Experts say digital technology will give traditional radio broadcasters better ammunition to battle an invasion of digital MP3 music players as well as fast-growing alternatives like XM Satellite Radio Holdings Inc., based in Washington, and Sirius Satellite Radio Inc. in New York. Those two companies beam subscription digital content from satellites.

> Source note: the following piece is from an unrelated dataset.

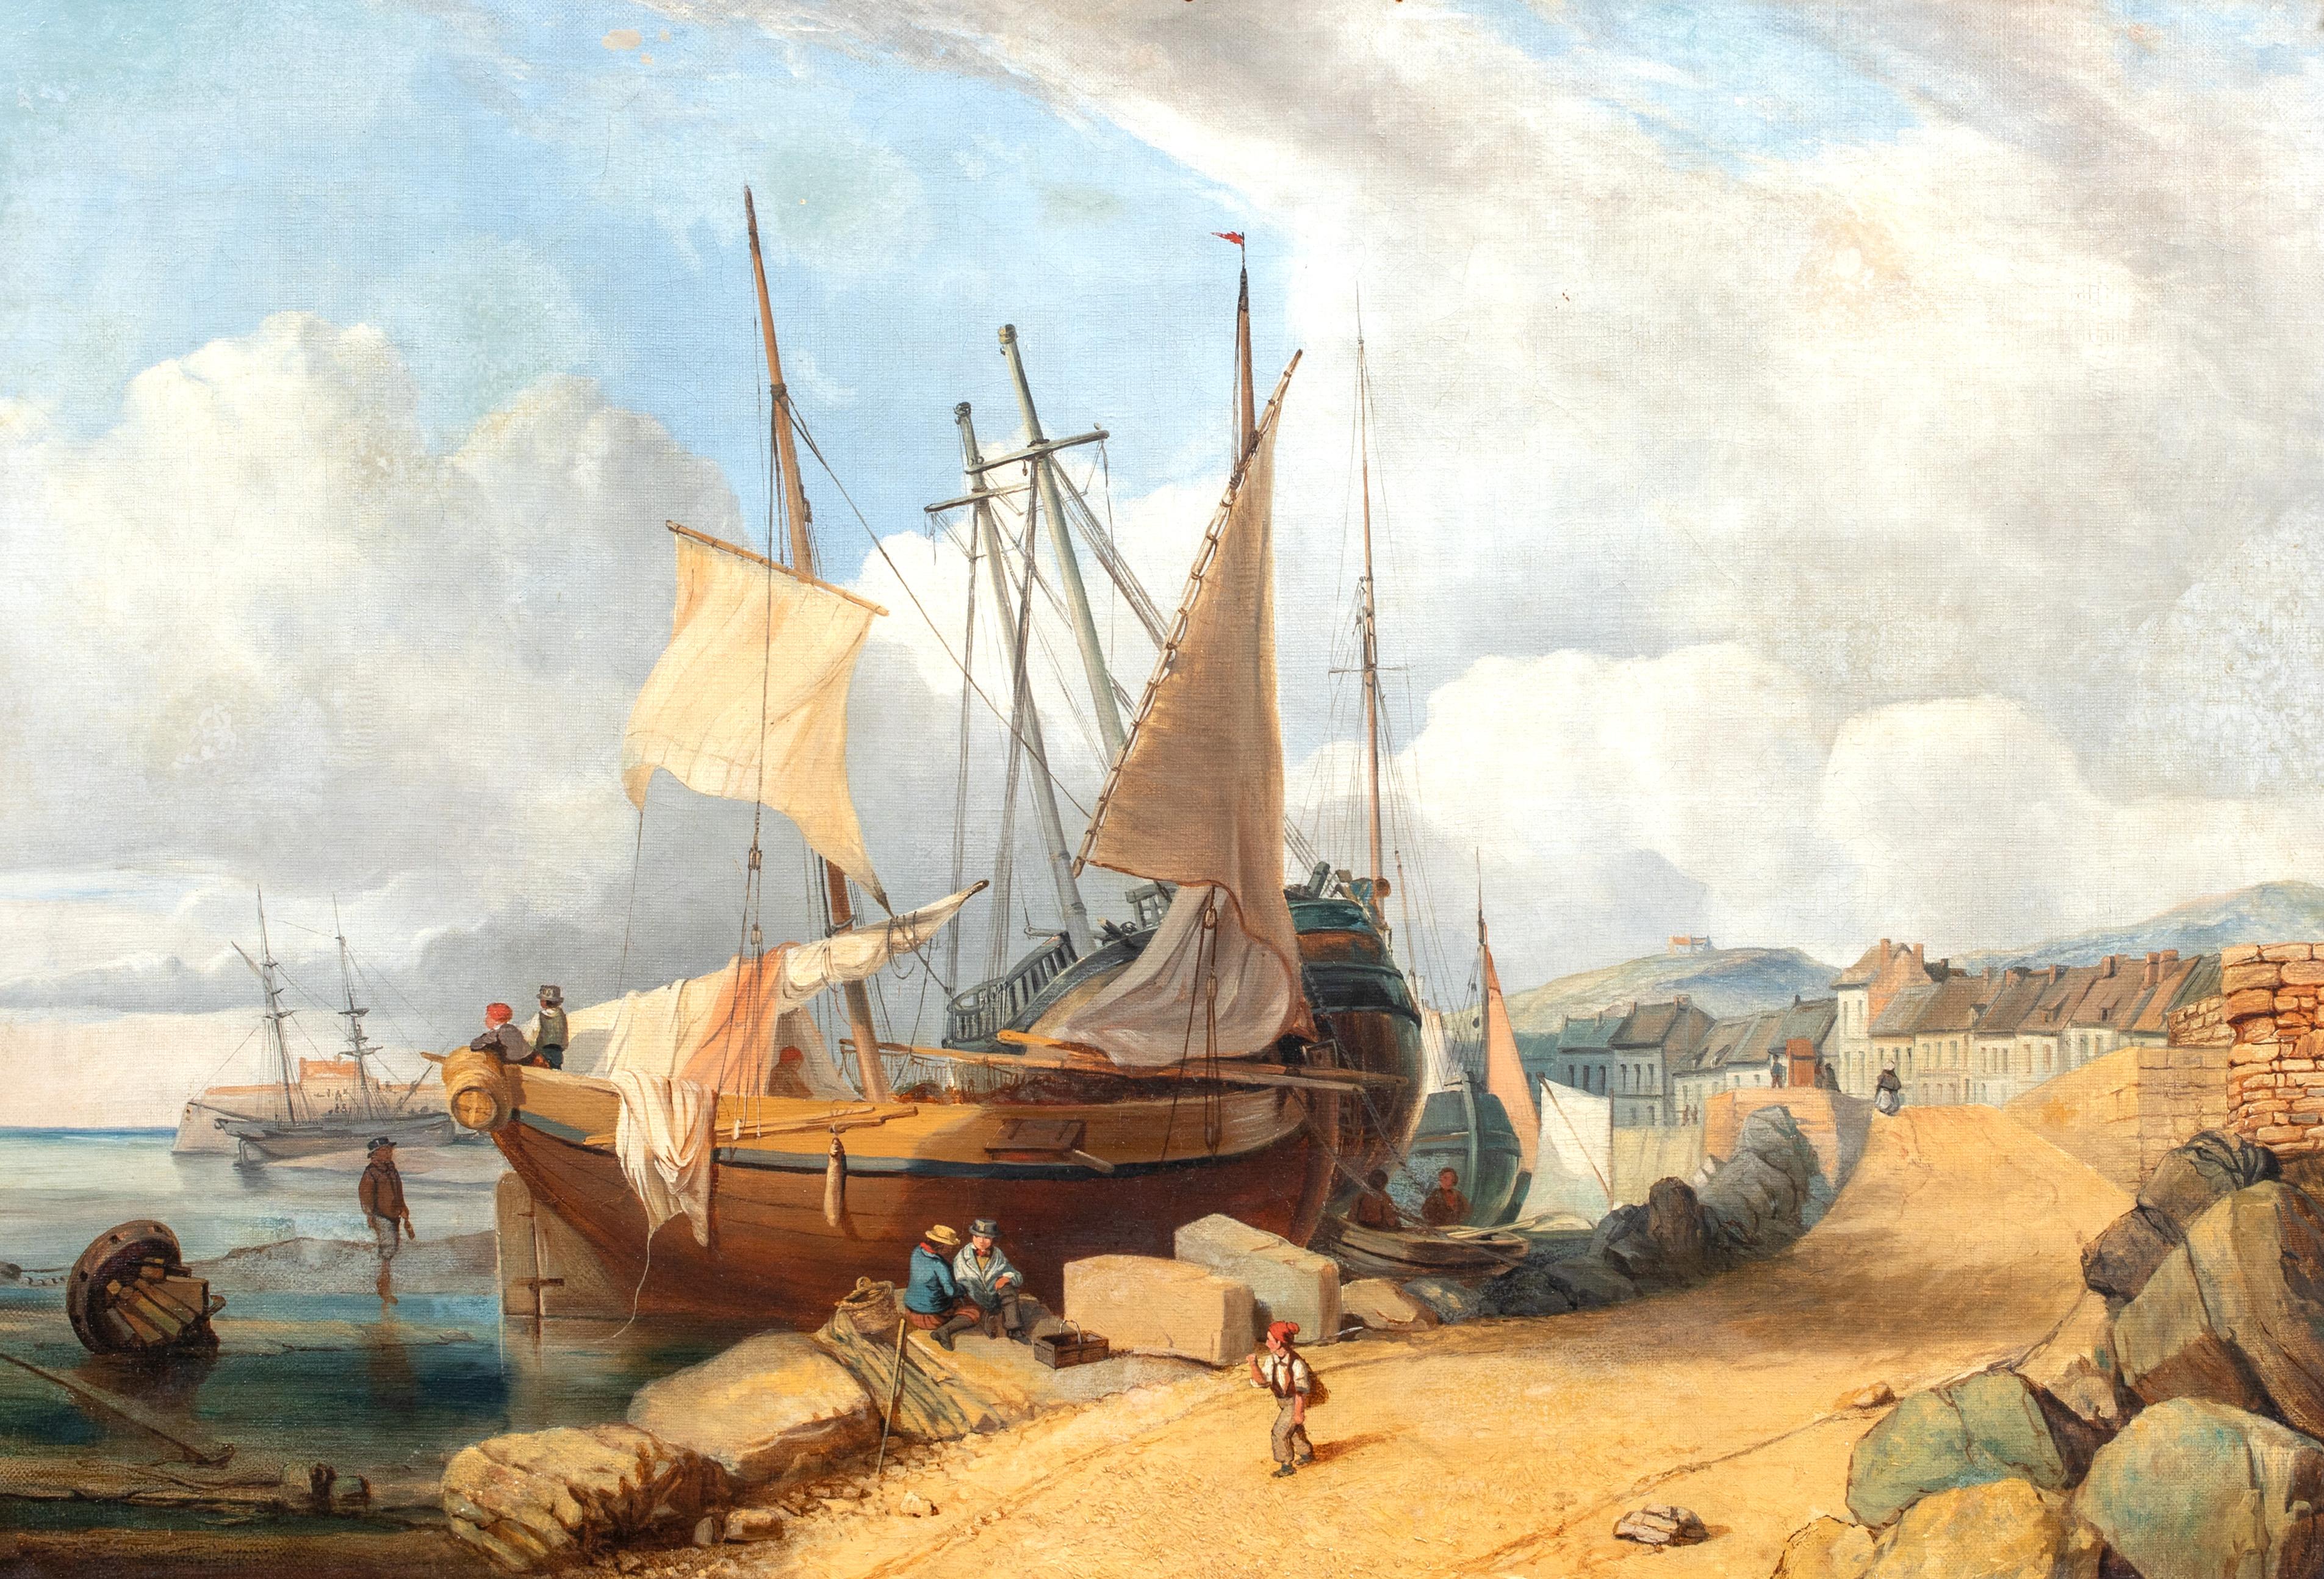 19th century ships

Unlike traditional free radio stations, whose signals travel only a few dozen miles or so, satellite services have national reach and have attracted 1.6 million paying customers.
"Clearly, the adoption of digital radio is several years off," but HD radio promises to deliver "major sound quality enhancements" to both FM and AM radio and "allow AM radio to become a more viable music service," said Peter Doyle, audio division chief at the FCC.
Some advertising agencies are eagerly anticipating the technology, especially the text features that could allow a marketer to display a toll-free number or website address while a commercial is running.
"Advertisers are always looking for upgrades," said Irene Katsnelson, director of network radio at Universal McCann, whose clients include Coca-Cola Co., General Motors Corp. and American Airlines.
As seven years of blistering radio industry consolidation winds down, experts say, traditional radio's digital upgrade looms as either the biggest opportunity since the introduction of FM stereo or the latest in a string of sonic innovations rejected by consumers.
The failures include four-channel "quadraphonic sound" in the mid-1970s and AM stereo in the early 1980s.
Radio content is likely to trump sound quality as the key to whether high-definition radio succeeds, experts say.
"Sound quality is only part of the equation," said Michael Gartenberg, a technology analyst at Jupiter Research in Darien, Conn. If HD radio "wants to avoid the same fate as AM stereo and quadraphonic sound, it has got to find compelling content, get the pricing of the equipment down and get the product integrated into automobiles."